Treasury Secretary Steve Mnuchin raised considerable skepticism with his claim that the cuts will pay for themselves. Conservative economists like Maya MacGuinness of the Committee for a Responsible Federal Budget said, "I don't want to see that this tax cut will be paid for by magic." Jared Bernstein of the nonpartisan Center on Budget and Policy Priorities wrote, "This isn't tax reform that we're talking about; this is just tax cuts." He also challenged Mnuchin's optimistic estimate that Trump's cuts would result in the economy growing at a 3 percent rate, noting that tax cuts seldom pay for themselves.

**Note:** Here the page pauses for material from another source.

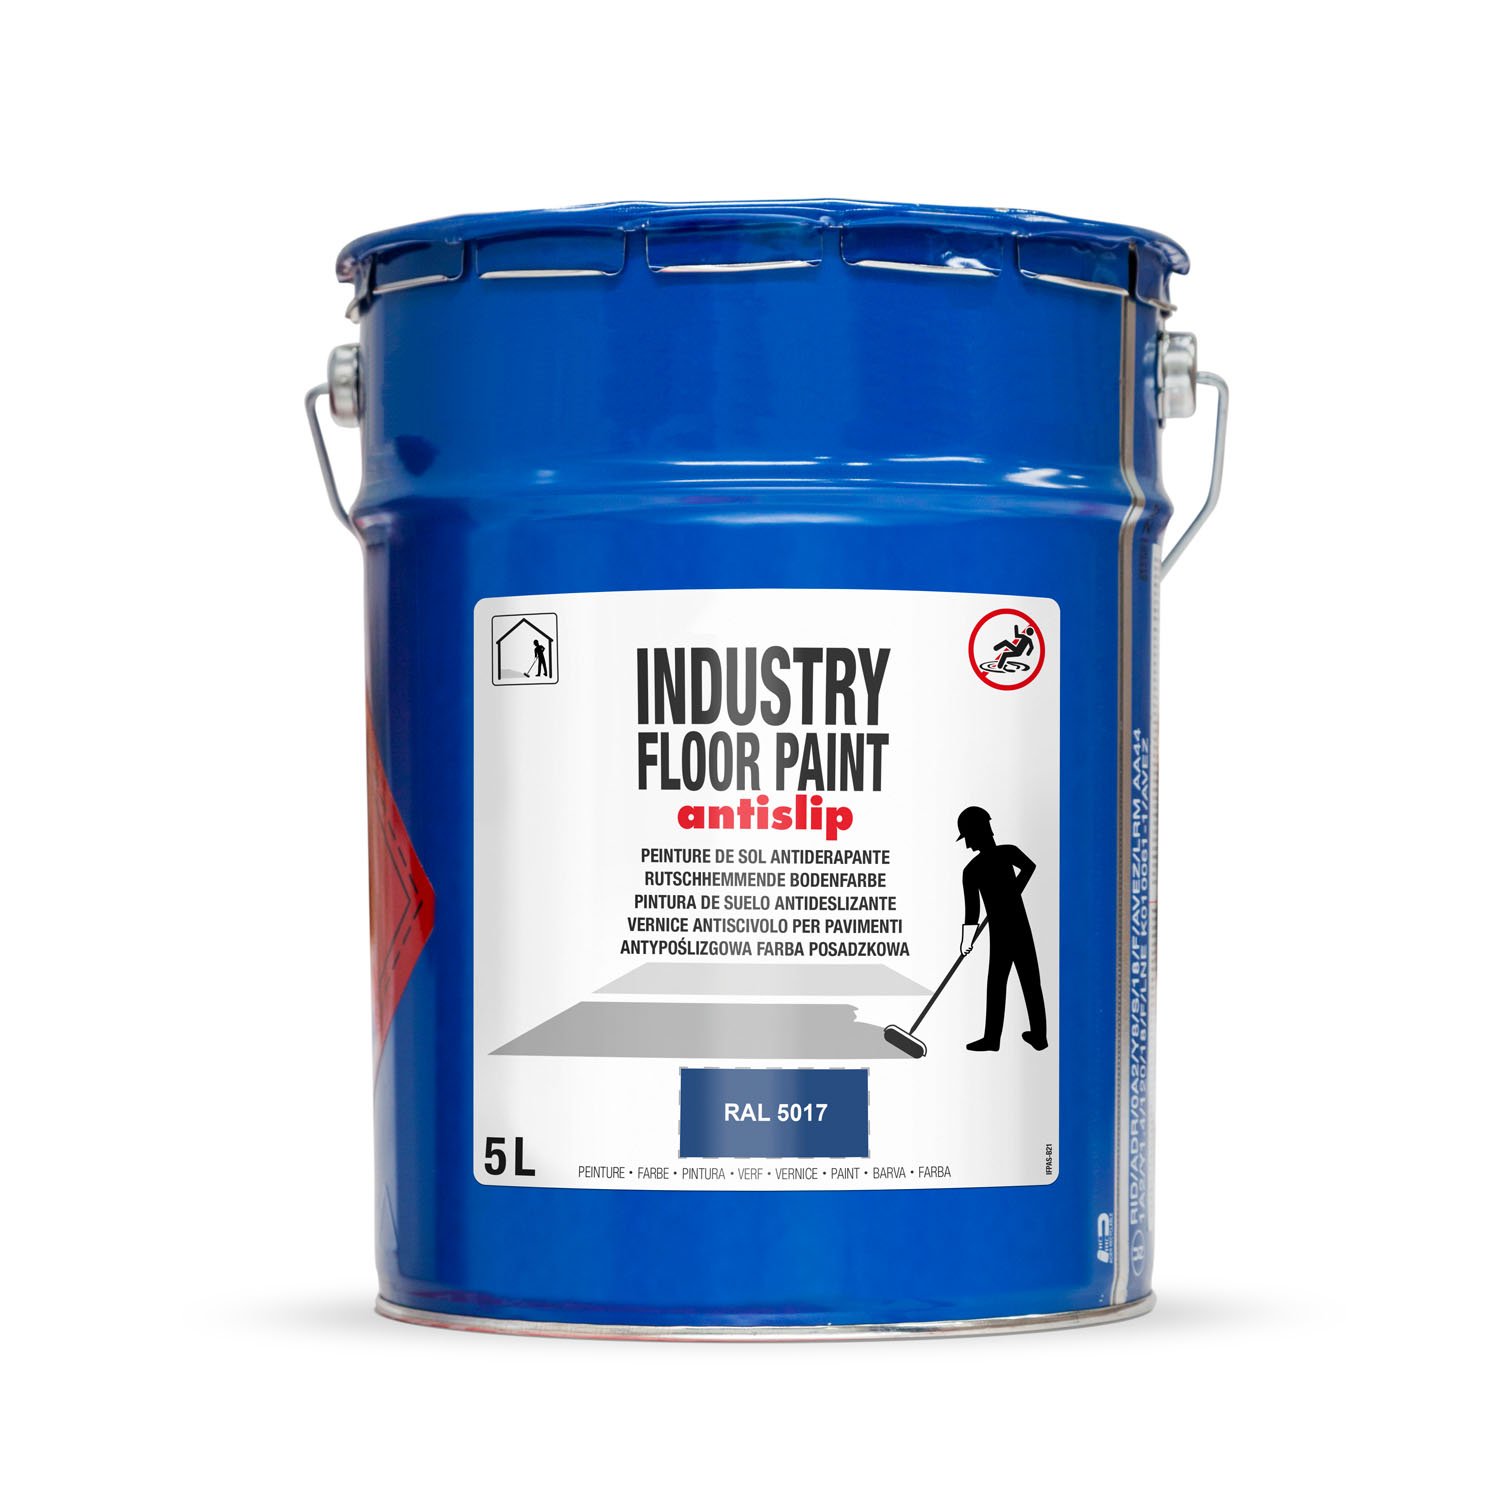 Modellbeispiel: Bodenmarkierungsfarbe -Industry Floor Paint Anti-Rutsch- in blau (Art. 41472.0001)

Without deep budget cuts, Trump's plan would crater the economy. The cuts he proposed would especially hurt Maryland. The Appalachian Regional Commission, which works to strengthen the economies of our state's far western counties, and the Chesapeake Cleanup are on the chopping block. So are many federal jobs Carroll County's citizens hold. Freezes at Social Security and Center for Medicare/Medicaid will affect many of our pocketbooks. The administration's scorched earth tax plan has been tried and found wanting, as Kansas discovered. In 2012, that state enacted tax-cutting policies similar to Trump's proposals with disastrous results: slowed employment, greater debt, stifled growth — that is what Trump's plan offers us all.

Most of us know better than to base our budget on winning the lottery. Pity that Trump's economic team appears to be ignorant of that.